The Stoning of the Devil (رمي الجمرات ramy al-jamarāt, lit. "throwing of the jamarāt [place of pebbles]")
is part of the annual Islamic Hajj pilgrimage to the holy city of Mecca in Saudi Arabia. During the ritual, Muslim pilgrims throw pebbles at three walls (formerly pillars), called jamarāt, from the Jamaraat Bridge in the city of Mina just east of Mecca. It is a symbolic reenactment of Ibrahim's (or Abraham's) hajj, where he stoned three pillars representing the Shaitan (or Satan), and Muslims' temptation to disobey the will of Allah.

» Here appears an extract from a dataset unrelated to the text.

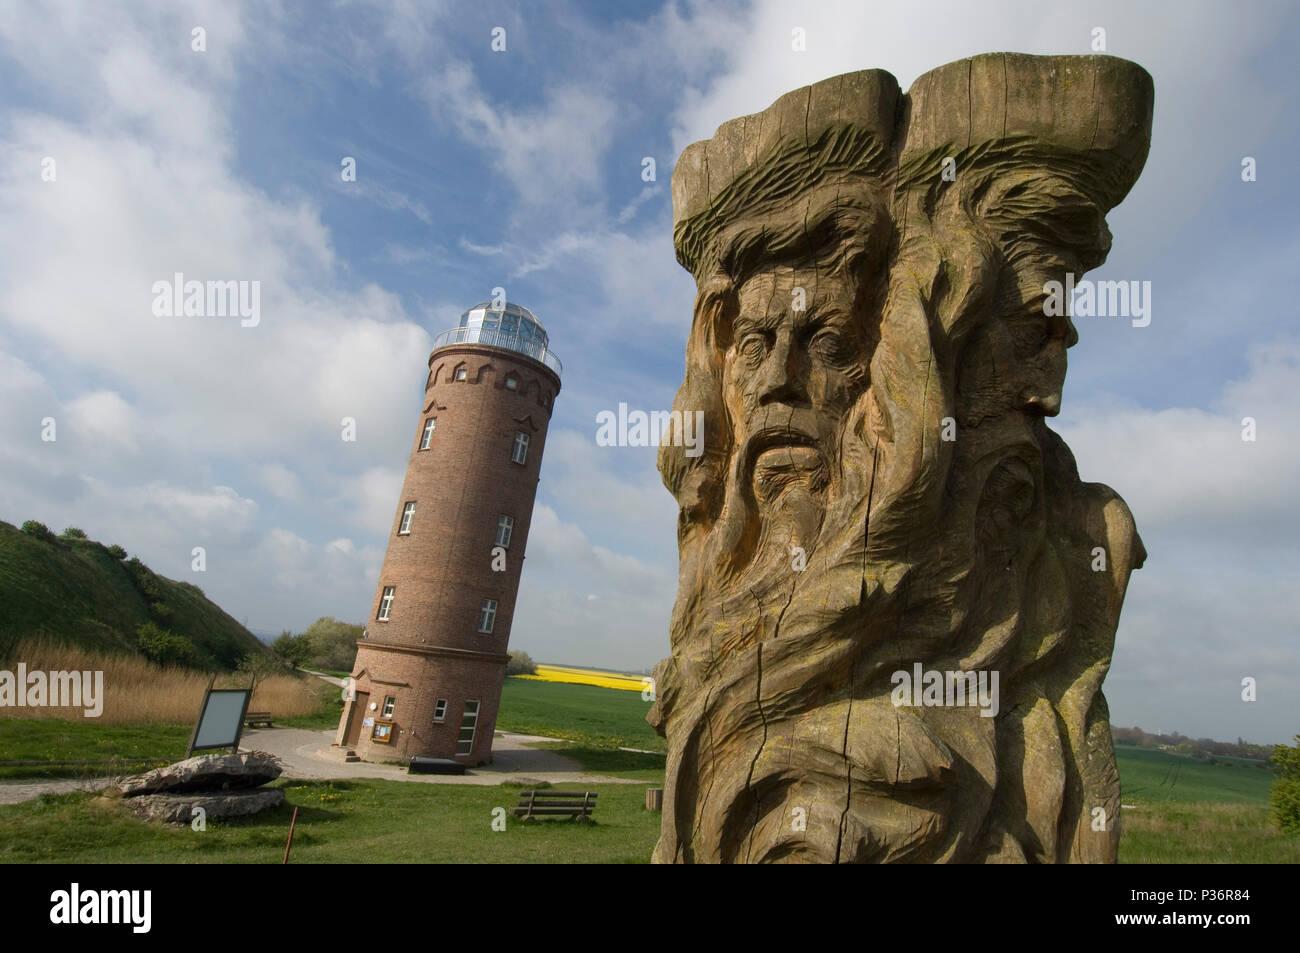 Putgarten, Germany, the Peilturm and the Svantovit statue at Cape Arkona - Stock Image

On Eid al-Adha (the 10th day of the month of Dhu al-Hijjah), pilgrims must strike the Big Jamarah or Al-Jamrah Al-Aqaba with seven pebbles. After the stoning is completed on the day of Eid, every pilgrim must cut or shave their hair. On each of the following two days, they must hit all three walls with seven pebbles each, going in order from east to west. Thus at least 21 pebbles are needed for the ritual; more stones would be needed if they failed to hit the pillar. It is permissible for the stones to fall into the designated areas of the pillars, and there is no need to throw them again if they land in the appropriate vicinity.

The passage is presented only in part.